In regards to Character Clothing, I need to do a little myself. I’m no modeler, so its a huge challenge for me. Acquired MarvelousDesigner 9 License years back and never installed it LOL. I’ve designed-on-Paper a Cloth System for UE that uses Patterns to attach Cloth Pieces that form Garments. However, I’ve been stalling on developing it in hopes of a procedural cloth solution to appear. Draper looks like the solution of my dreams, but I cannot do another subscription as I suffer from subscription-fatigue. Haha.
I have MD7 perpetual license, which is good enough to me for now. I installed a few times without any decent progress, because making clothes is not my favorite part of development cycle, tbh lol. At least, I’ve already learned how to create jumpsuits that go underneath armors.

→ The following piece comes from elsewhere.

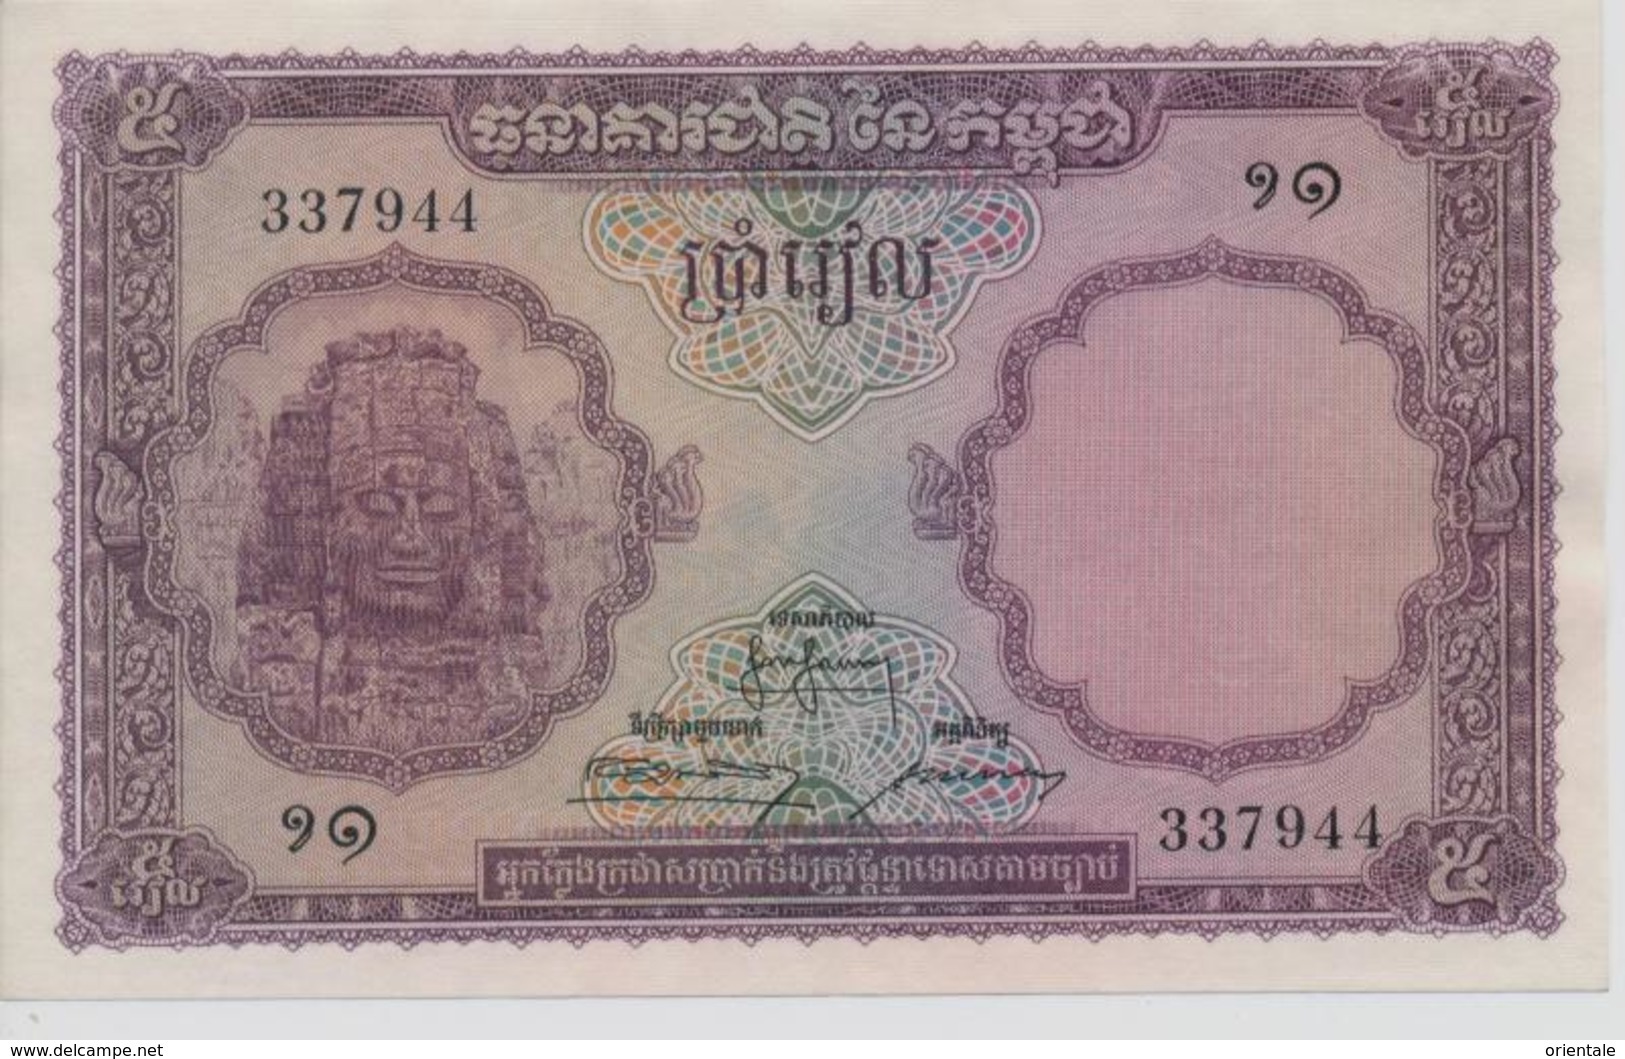 CAMBODIA  P. 2a 5 R 1955  AUNC - Cambodia

If you have MD9, it’s even better in terms of UV and retopology if I am not wrong.
My struggle with clothing in Blender is the fact I am always creating armor pieces with rough edges, which makes my outfits looking distorted and broken when animating. I understand the worflow, I fairly know what tools are needed, but my execution is always below my expectations. I definitely need more dedicated time and patience to build up these skills.
I also have zbrush 2022, but I need a drawing tablet and pen to get started.
And drapper seems to be great, but I learned it’s so overpriced that I’ll wait until next year.
The ‘Clothing Dilemma’ directly effects the Theme and Artstyle of my Games. Most if not all of my Themes are Sci-Fi so I can define what the armor/garments aesthetic using what I have available. I’m investigating deeply into various Procedural Generation techniques with Blender and designing my own (Ref: OSMIUM Construction: Procedural Armor (Hardware Upgrade) - YouTube)
Yes. Multiple Osmium Actors can be applied for different layers of mesh patterns. The inspiration for developing it was to revamp my Golemcraft System. But I’ve learned so much more since the time of is creation. I’m using Osmium on various entities from weapons to Monsters.
BTW, im a huge fan of Dynamic Cover. Your tutorial on implementation is really Awesome!
If you make games like this you don’t need MD, armor suits are best made by just modifying the naked character mesh, then the suit doesn’t need rigging as you just formed it from the original verts.
Take your base character mesh thats rigged, load it in to Zbrush, subd to 4M+, sculpt the suit without changing the underlying topo, export your maps and mesh and there you go.
Thanks for pointing the right direction. I really need to invest more time in Zbrush and its required modeling skills. I’d appreciate if you could point a good tutorial demonstrating an armor modeling. I only have a good one for helmets, from Mike Hermes.